I did not speak. I was bitter. I knew that many of the men of Earth were, in effect, the property of their women. It was not particularly their fault. They had been raised to be such. Rhetoric, conditioning and social controls kept them in their place. Only occasionally did they dream of the subverted biological hegemonies which were theirs by nature. One must own, in effect, or be owned. The women of Earth, in effect, owned their men. But the women of Earth were unhappy. Perhaps they wished, in some deep part of themselves, that it was they who were owned by the men.

"Is it your intention to return me to my Mistress?" I asked.

"Perhaps," she said.

I suddenly reared up, struggling, my shoulders some two or three inches above the surface of the couch.

"Do not be afraid, Jason," she said. "I am only caressing you."

I struggled, futilely.

"You are helpless, Jason," she told rime. "The room may be in disrepair, but I assure you that the chains are new, and adequate. I have checked them."

I cried out with rage.

Again, I struggled, but was held helplessly and perfectly in the sturdy steel.

"What a chained larl you are!" she laughed. "How fortunate for me that your hands are not free. If they were free, I, though a free woman, could scarcely dare conjecture my fate!"

Again I struggled, and was again held helplessly and perfectly in the steel.

"Cease your struggles," she said, suddenly, angrily. "Or I will geld you."

I ceased my struggles.

"That is better," she said.

"What are you going to do with me?" I asked.

"Are you not slave enough to know?" she asked.

I looked at her, in fury.

"Do you think you can resist me?" she asked.

"No," I said. "I do not." No man, chained as I was, could resist any woman.
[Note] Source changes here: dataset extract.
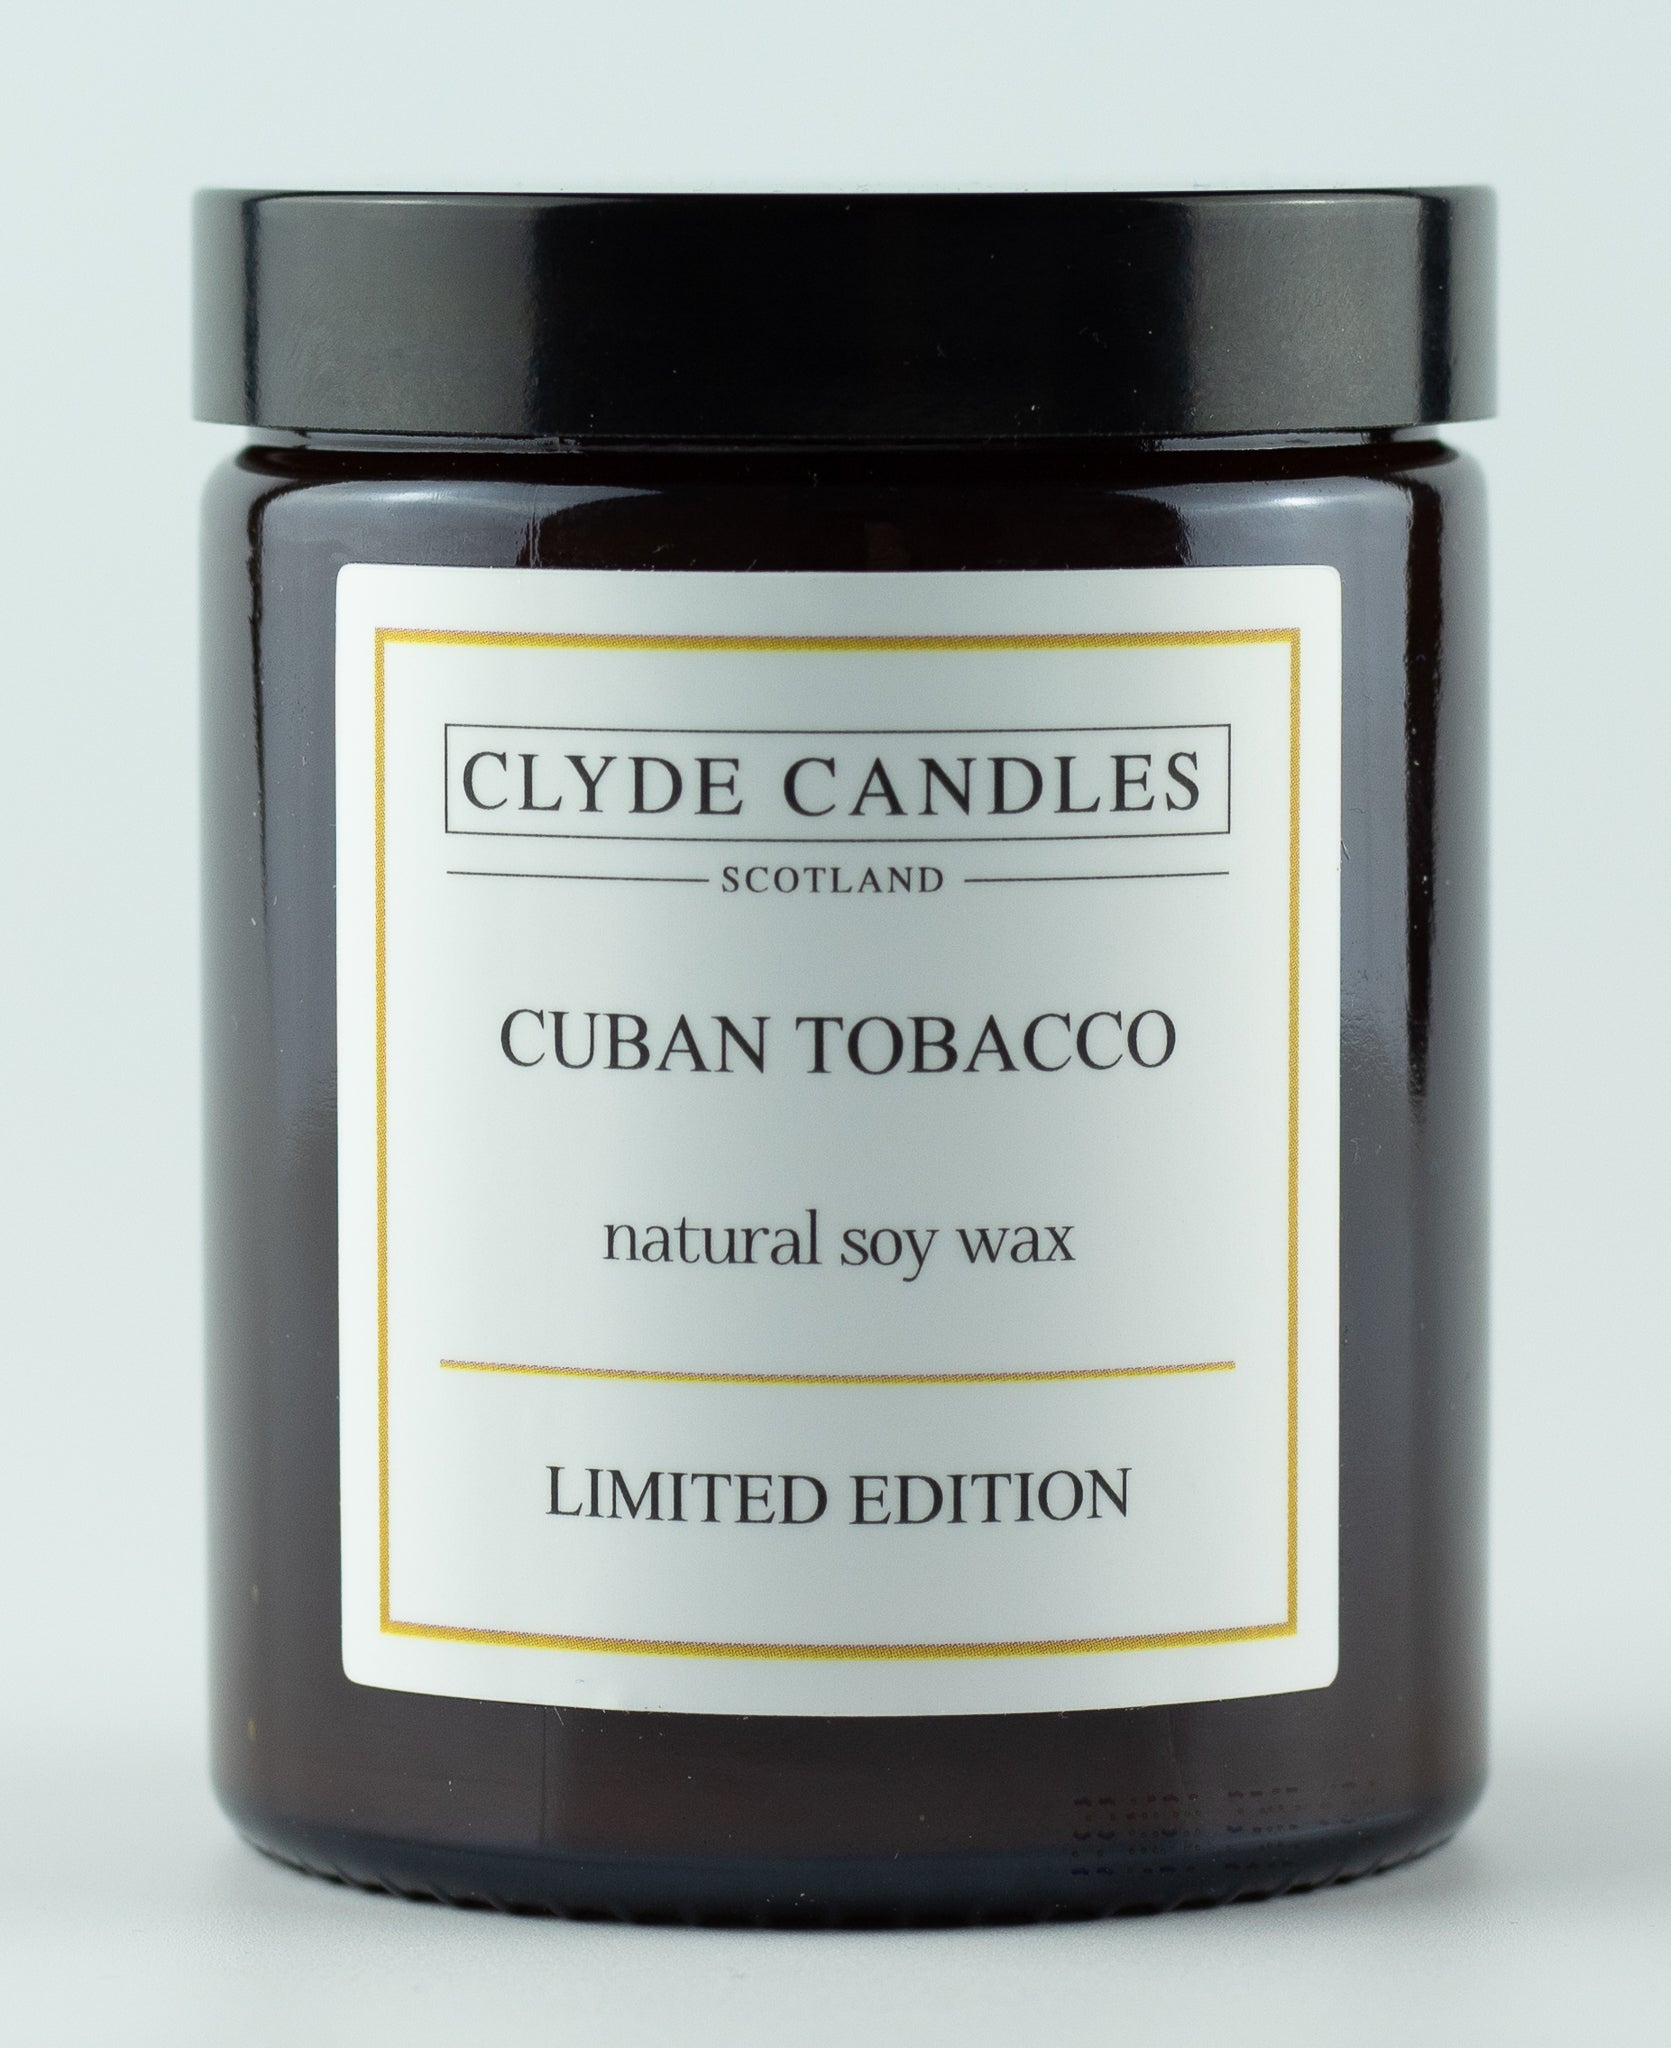 Cuban Tobacco Amber Glass, natural soy wax, clyde candles, hand made in scotland, scottish gifts, candle gifts, scented british candle gifts

And she was exciting, and beautiful.

She mounted me.

"Unchain me," I said. "Let me take you in my arms."

"I am not a fool," she said. "I will not be made a slave by any man."

"Aiii!" I cried.

"Thus," she laughed. "I, the Lady Melpomene of Vonda, take the silk slave of my enemy, the despicable Lady Florence of Vonda!"

I looked up at her, shuddering.

"It is only the beginning," she said to me.

She used me several times that night. It was only later that I realized that she, in spite of the fullness of her use of me, had never once kissed me. She did not wish to soil her lips by touching them to my body, that of a slave.